I don´t know whether it is a theme which has relevance outside of the show, though. Season 1 appeared to have that relevance, so I expected season 2 to make good on that promise. However, to me it felt solipsistic: it has constructed something which has outgrown the metaphoric ideas of season one, and now it just serves the purpose of the artificial world, rather than illuminating our world.

Also, the big answer given is still so vague and nonsensical that one apparently just has to go with it.

Kind of the “LOST”-problem. And most mystery shows. I wonder whether the writers of season 1 actually knew where they wanted to go, instead of just proclaiming: “isn’t that cool, even if nobody knows any reasons for it?”

That way you can keep a show going, sure, but you will have audiences lose interest.

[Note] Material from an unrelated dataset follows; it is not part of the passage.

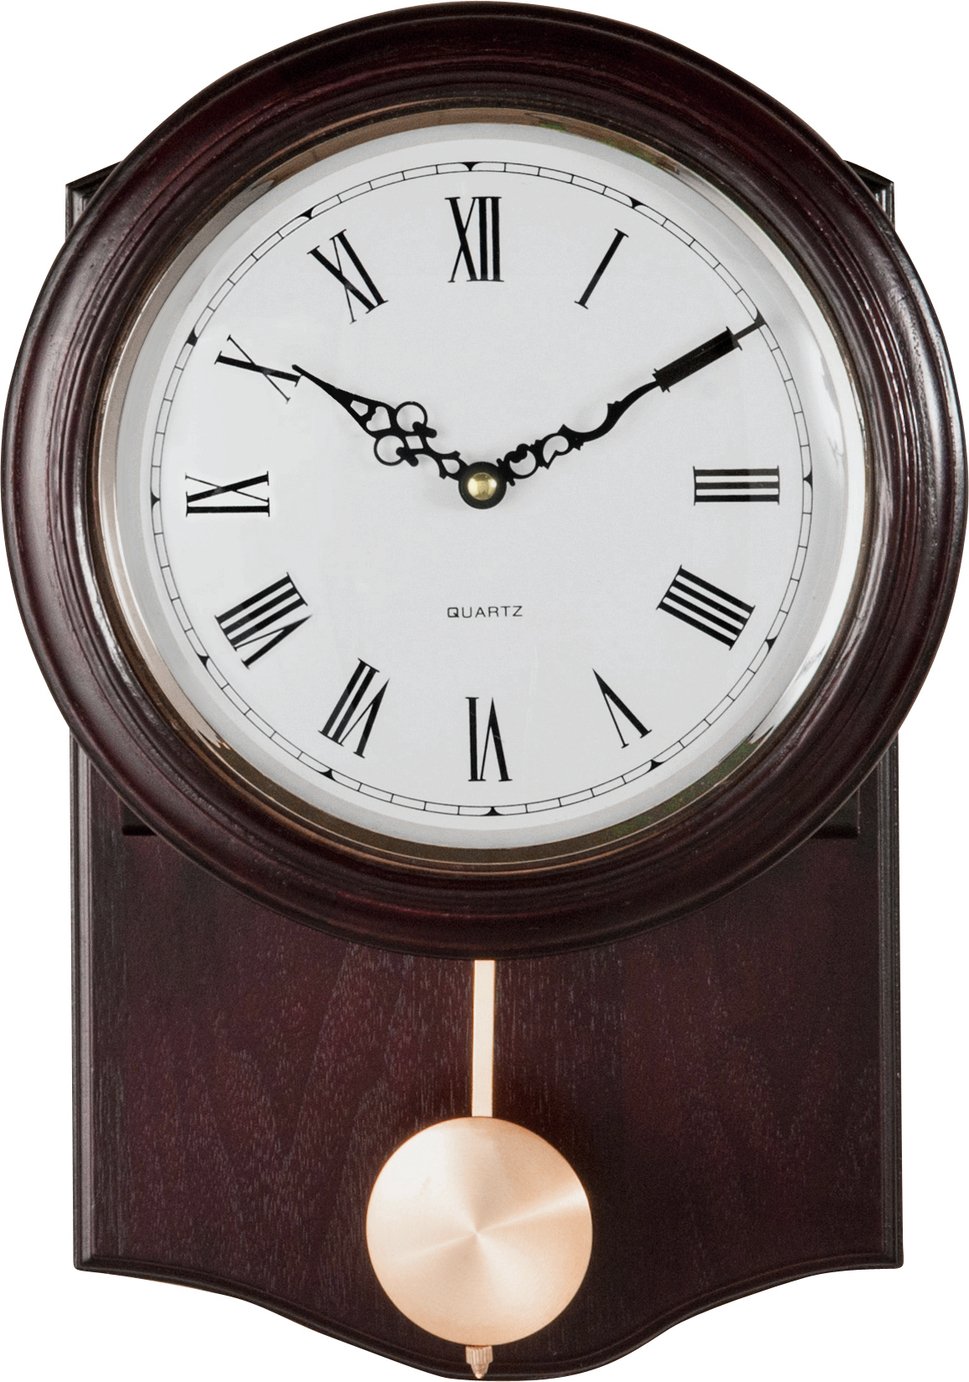 Argos Home Pendulum Wall Clock review

The more involving way to go would have been to have a clear outline of various steps you reach, explaining throroughly the mystery of one season and still opening up a bigger mystery, thereby laying out a clear objective for the characters to achieve.

At the end of season 2 of “Severance” I do understand the choice of the lead character. But what he wants to gain is unclear. And if the message is

Summary

we rather want to remain in a dictatorship because we’re in love with someone there, instead of exposing everything and pulling the rug from under the dictator, together with our beloved wife we spend the whole season to find

then that’s… weird.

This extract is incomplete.